Periprocedural outcomes
The Kaplan-Meier curves of the primary and secondary outcomes in the propensity score-matched patients are shown in Fig. 2 with yearly event-free survival rates were calculated based on Kaplan-Meier estimates. p values were calculated by a log-rank analysis. For all primary and secondary endpoints, the HC group had significantly lower rates of events.

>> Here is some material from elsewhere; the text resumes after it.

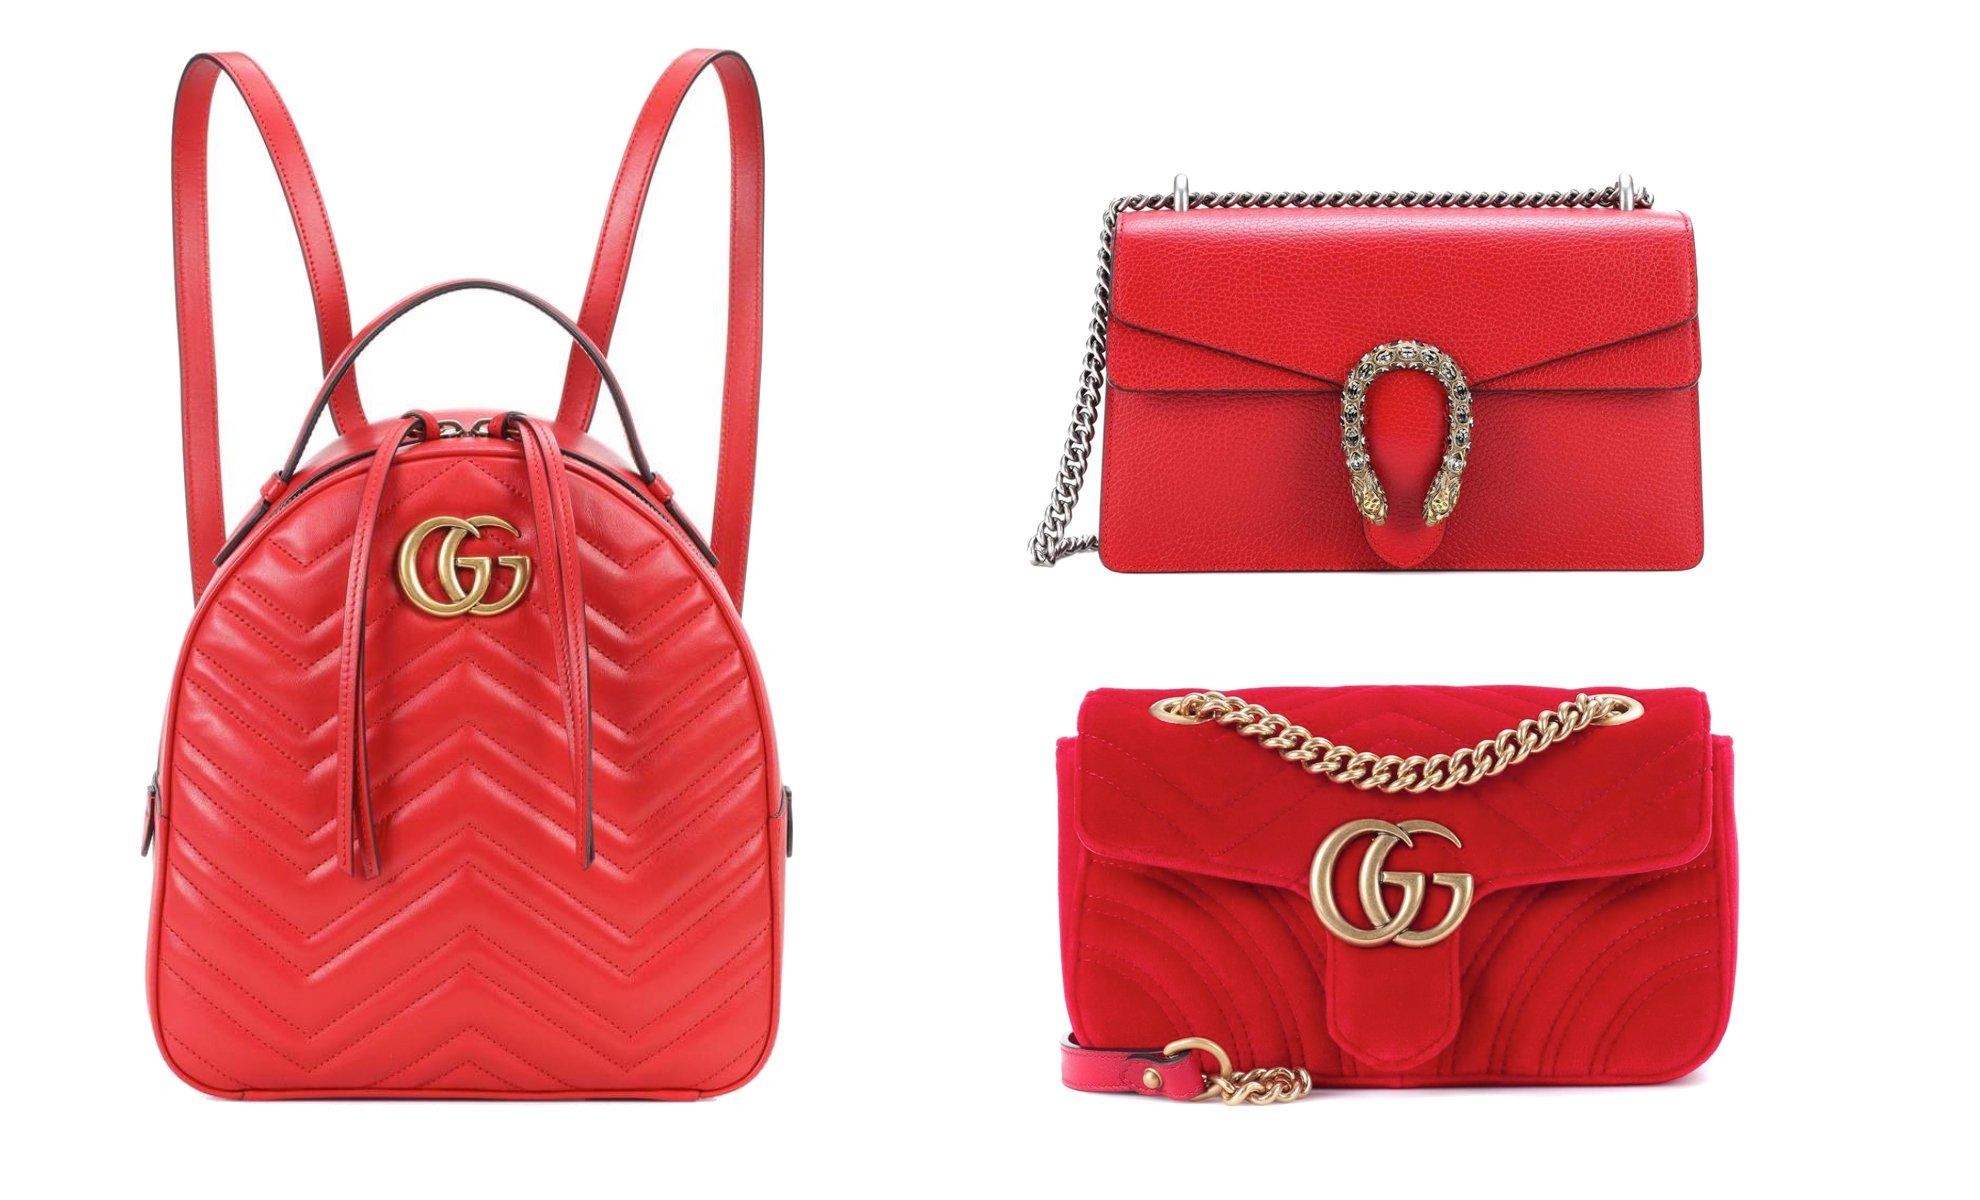 Rahat kalliiseen laukkuun vai mieluummin sijoitussalkkuun?

The trends were similar in the analyses of the entire cohort (Supplementary material 2a-c). Event numbers during the entire follow-up period, and Cox's univariate hazard ratios (HRs) are shown in Table 2. In analyses of the propensity score-matched patients, the HR for the HC group was 0.56 (95% CI 0.39-0.81; p=0.002) for the primary endpoint, 0.59 (95% CI 0.39-0.88; p=0.01) for mortality from all causes, MI, or neurological events, and 0.42 (95% CI 0.20-0.88; p=0.02) for major bleeding. In the analyses of the other endpoints, all-cause mortality showed a significant difference with an HR of 0.57 (95% CI 0.35-0.95, p=0.03); no significant difference was observed in the other cardiovascular endpoints.
Figure 2.
Cumulative Kaplan-Meier estimates of the rates of key study end points. Panel A shows the data for the primary endpoint-mortality from all causes, myocardial infarction, neurological events, or major bleeding. Panel B shows data for the secondary endpoint-mortality from all causes, myocardial infarction, or neurological events. Panel C shows data for the secondary endpoint of major bleeding. p values were calculated using the log-rank test. Event-free survival rates were calculated based on Kaplan-Meier estimates. HC: hypercholesterolemia
Table 2.
Major Endpoints according to Hypercholesterolemia.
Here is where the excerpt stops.